▶ _Description of the task_:
Repeat the listing verbatim. Drop any pictures.

▶ _Data shown_:
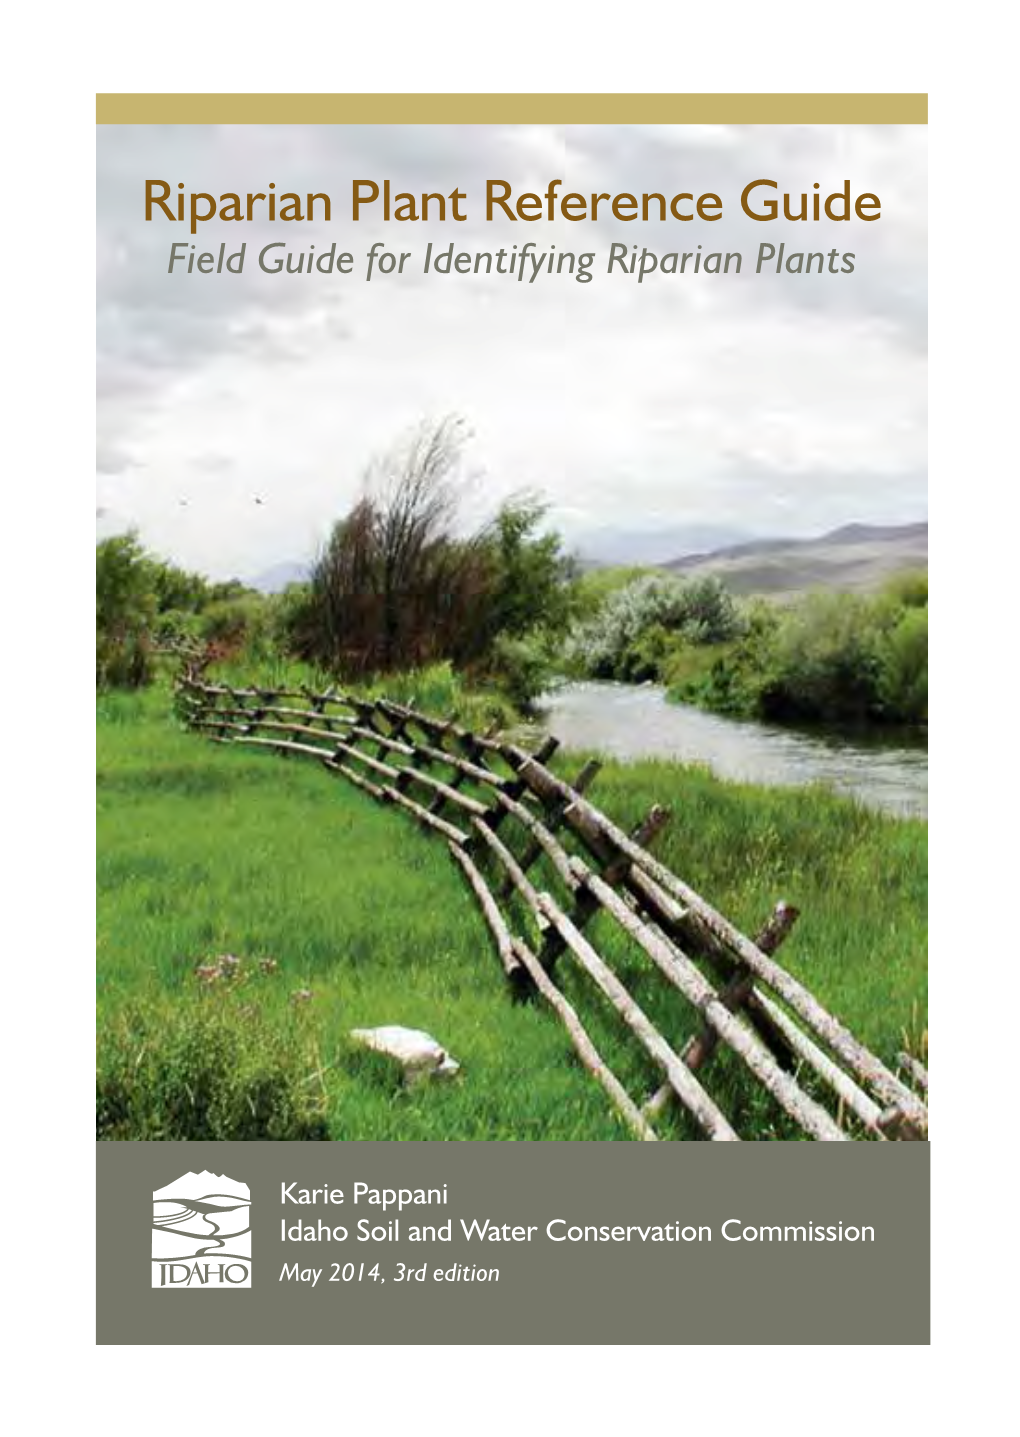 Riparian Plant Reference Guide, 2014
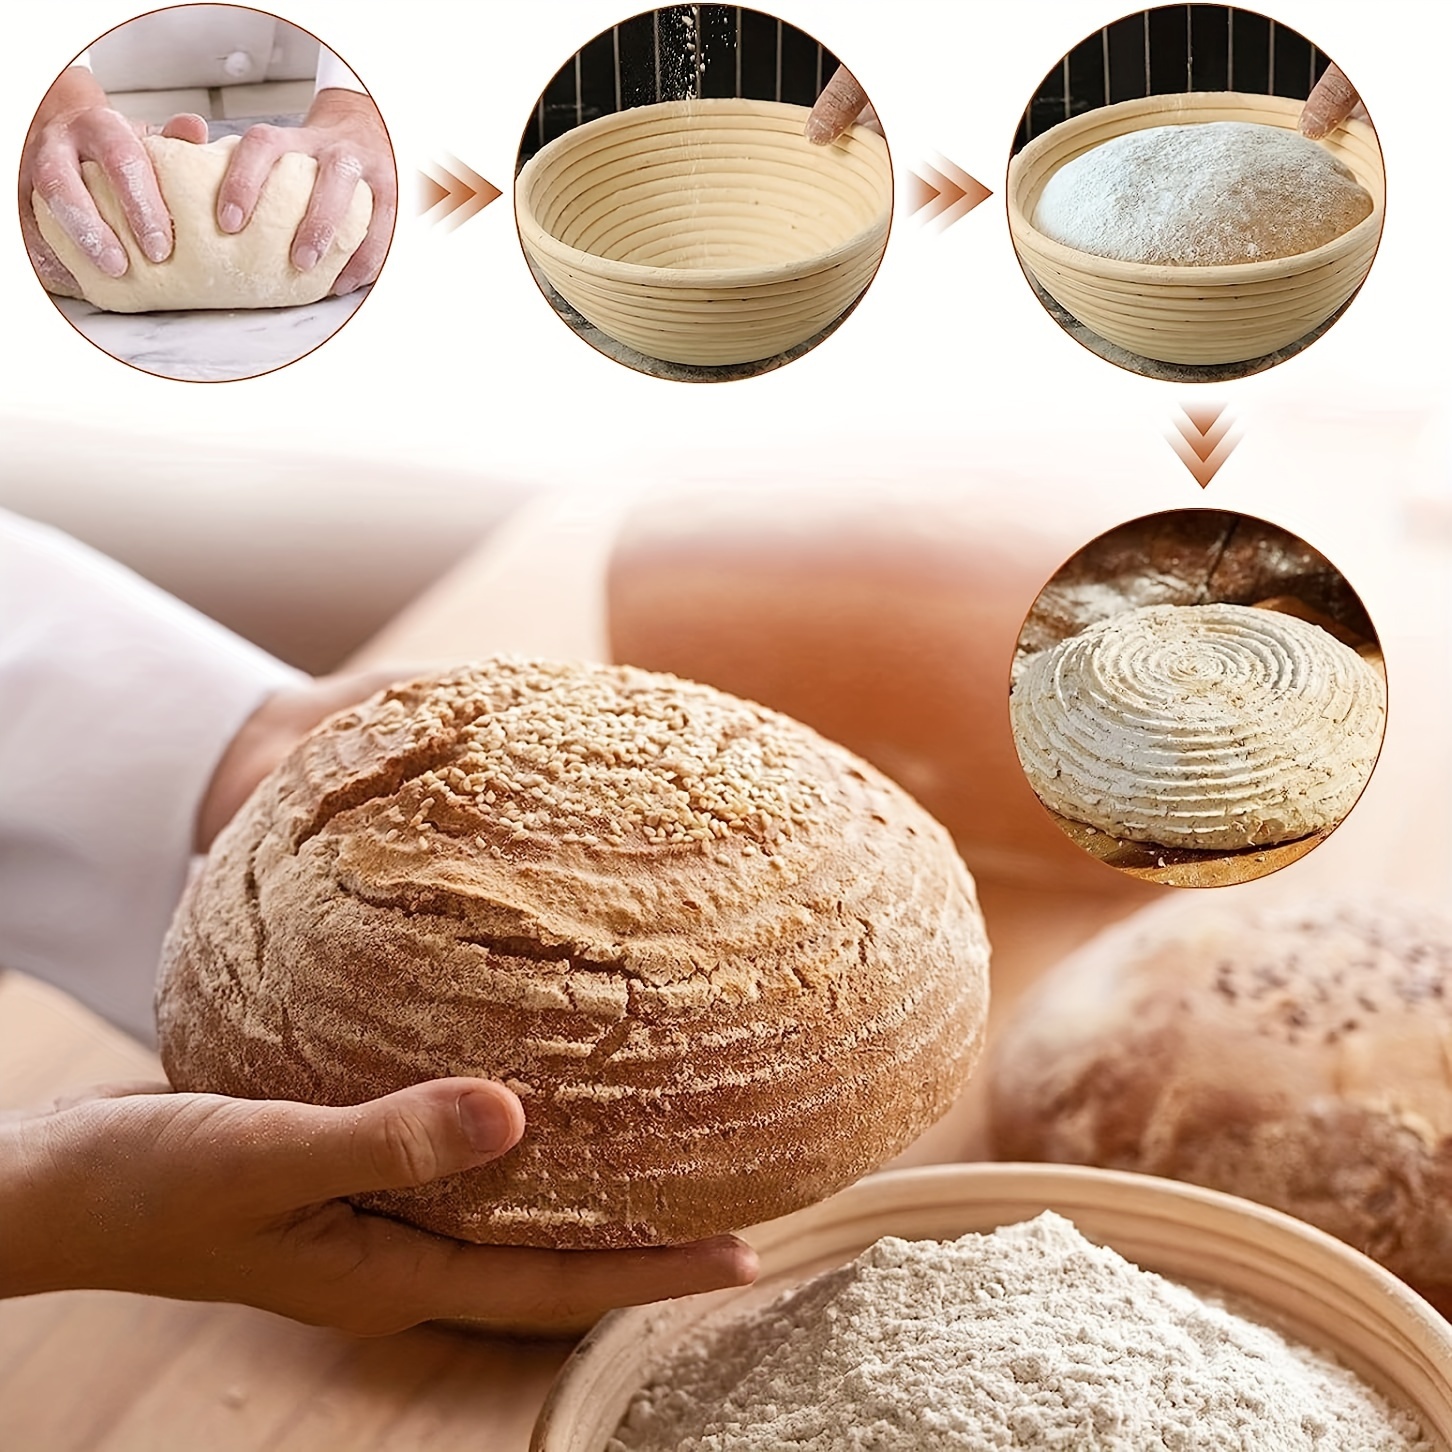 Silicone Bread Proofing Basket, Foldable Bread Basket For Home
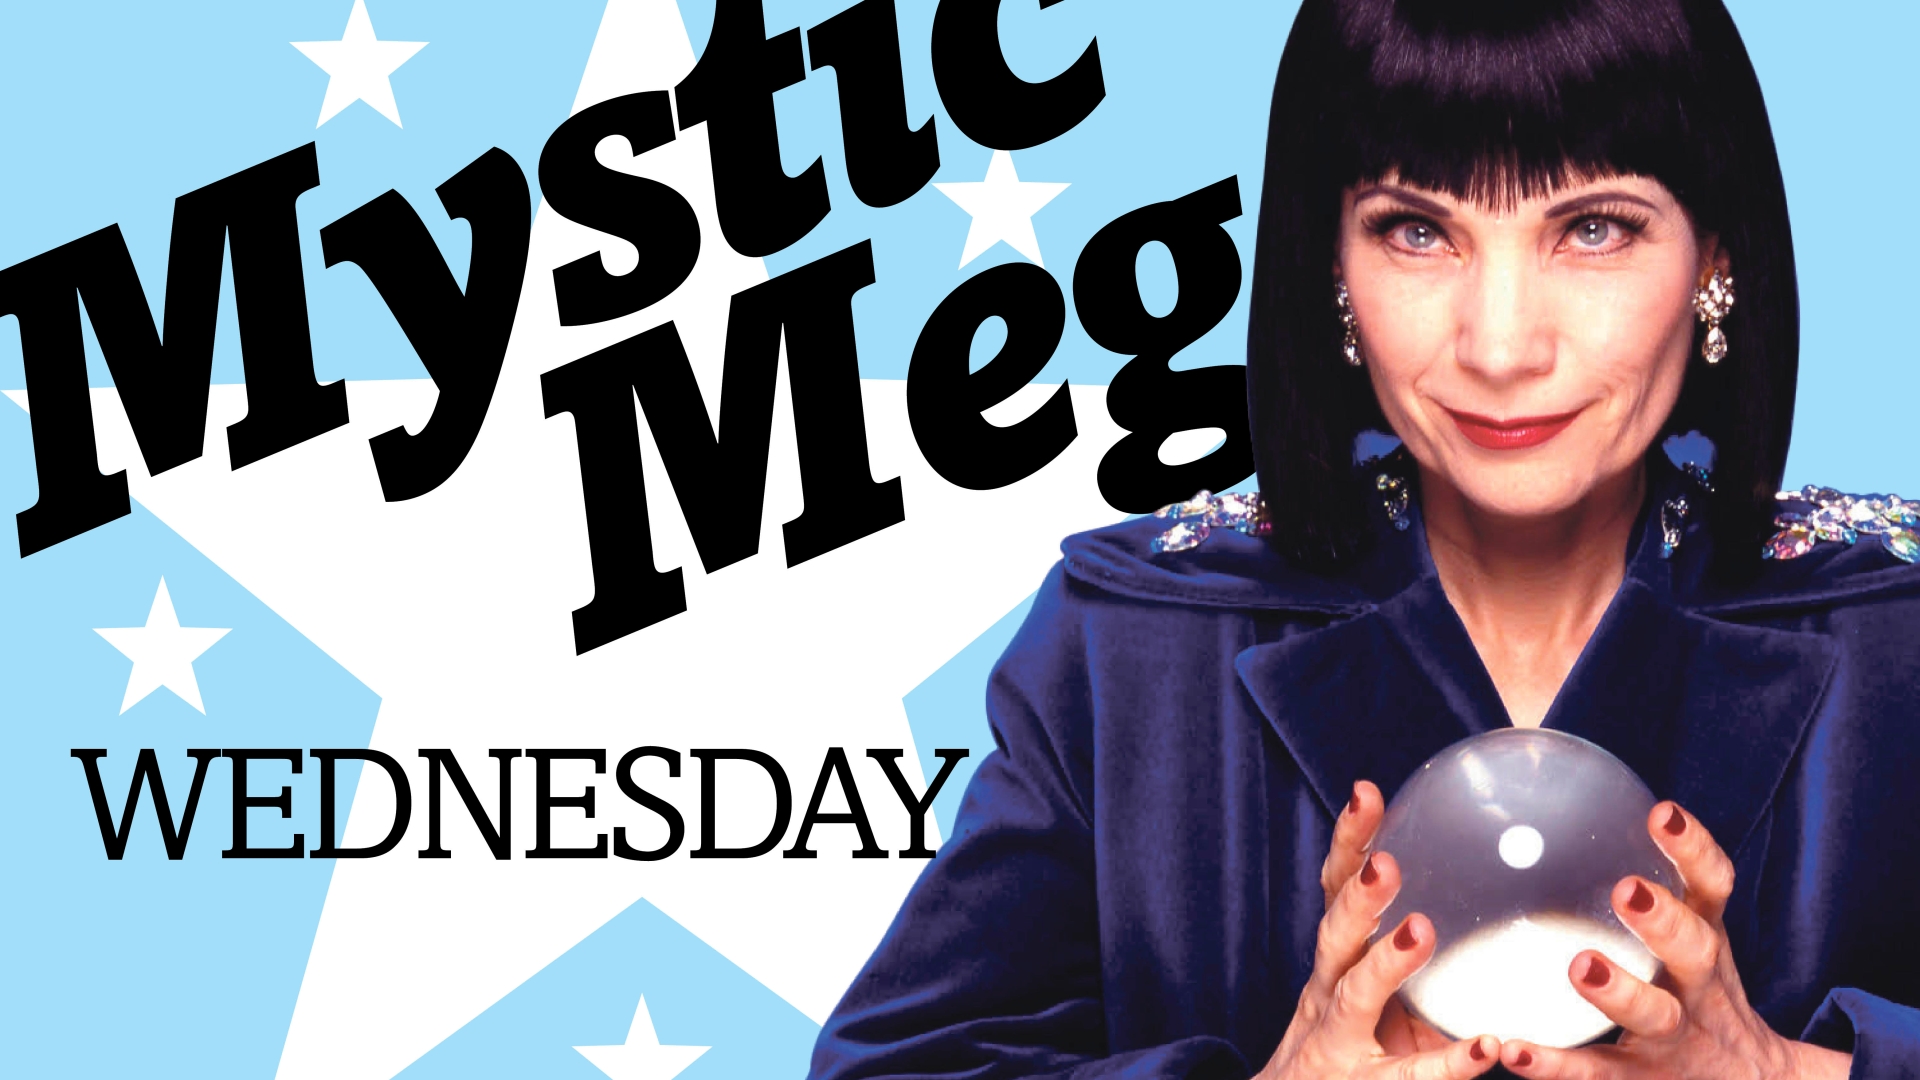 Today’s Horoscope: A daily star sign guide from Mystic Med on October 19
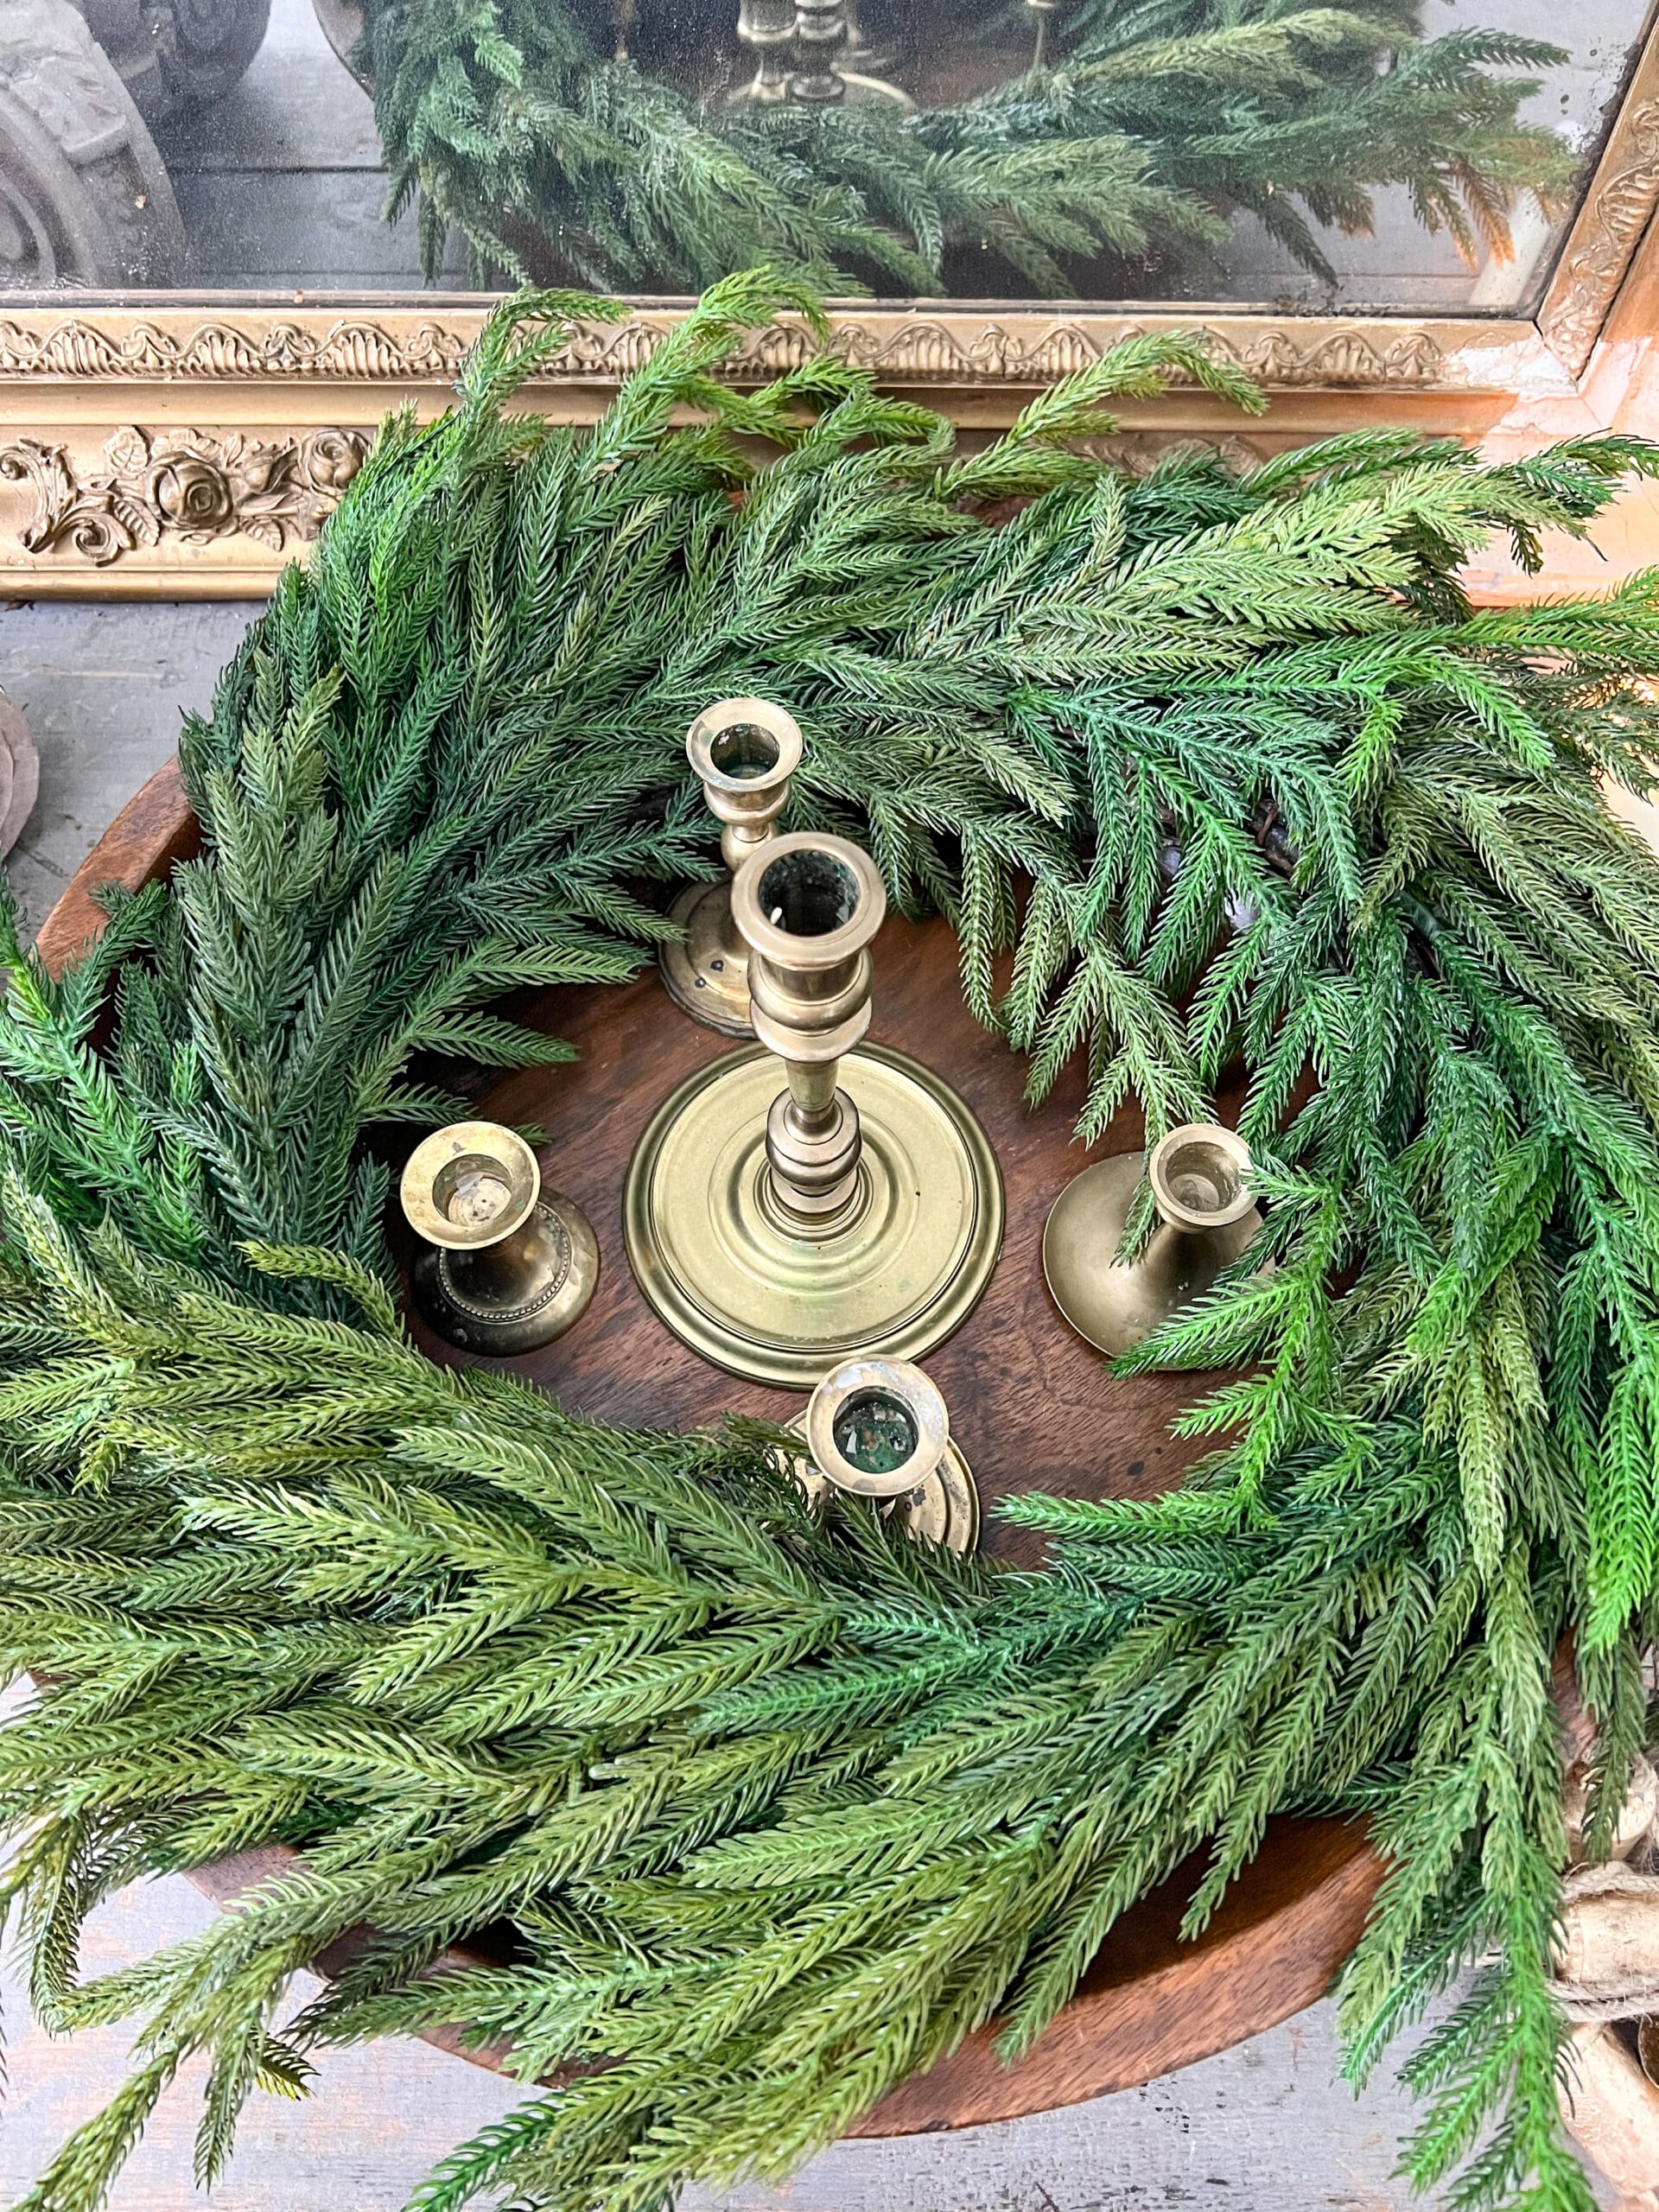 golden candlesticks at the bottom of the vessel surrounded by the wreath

▶ _Your response_:
 Riparian Plant Reference Guide, 2014
 Silicone Bread Proofing Basket, Foldable Bread Basket For Home
 Today’s Horoscope: A daily star sign guide from Mystic Med on October 19
 golden candlesticks at the bottom of the vessel surrounded by the wreath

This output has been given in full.